The Clotilda, the last known slave ship to arrive in the United States, slipped into Mobile Bay on July 9, 1860, decades after the transatlantic slave trade was outlawed. Its secretive and illegal voyage was likely inspired by the Wanderer, another illicit slaving ship financed just two years earlier by Charles Lamar—son of Gazaway Bugg Lamar.
Though Gazaway did not take part in the Clotilda expedition, his wealth, political clout, and defiant stance toward federal law helped create the conditions that made such voyages possible. His influence enabled his son’s earlier efforts to smuggle enslaved Africans into Georgia aboard the Wanderer in 1858—an act that drew national outrage but ended in little punishment.

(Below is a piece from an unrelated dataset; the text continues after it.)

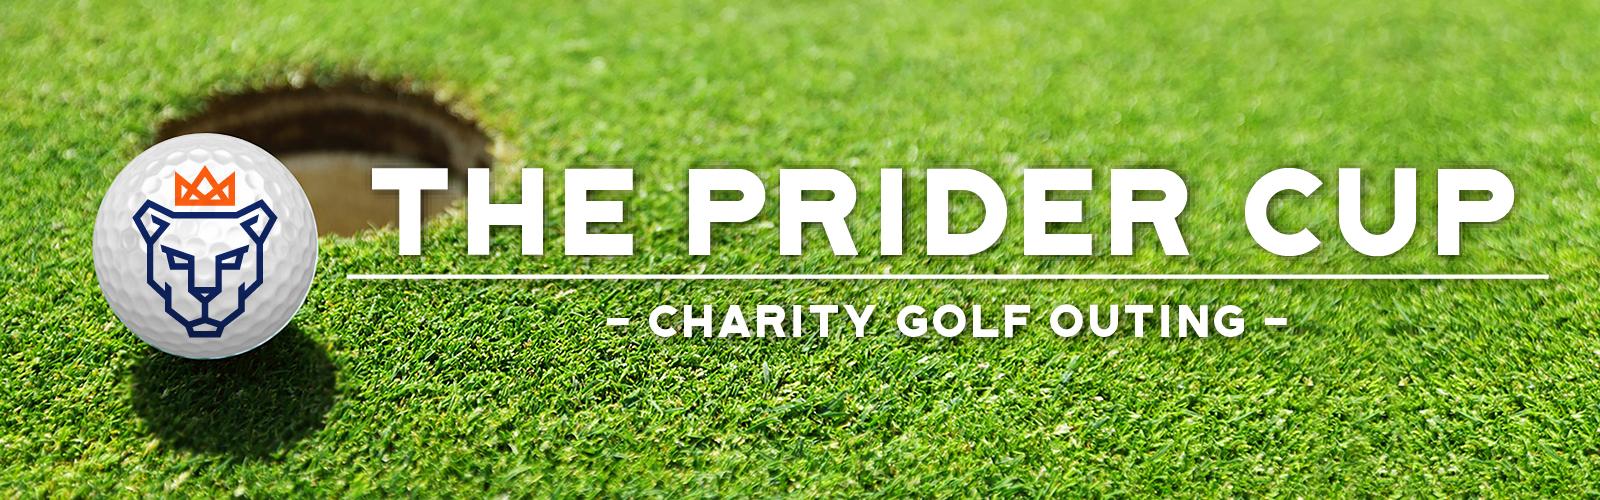 Prider Cup Banner.jpg

Today, Gazaway Bugg Lamar is buried in Alexandria’s Presbyterian Cemetery, a city far removed from the southern ports where these tragedies unfolded—yet intimately connected to the men who shaped them.
The wreck of the Clotilda was discovered in 2019, confirming what oral histories had long preserved. Its story—and the legacy of those brought aboard—was brought to light in the 2022 Netflix documentary Descendant, which follows the community of Africatown, founded by survivors of the ship.
Lamar’s grave lies among Alexandria’s most complex Civil War-era legacies—tied to commerce, conflict, and the human cost of ambition.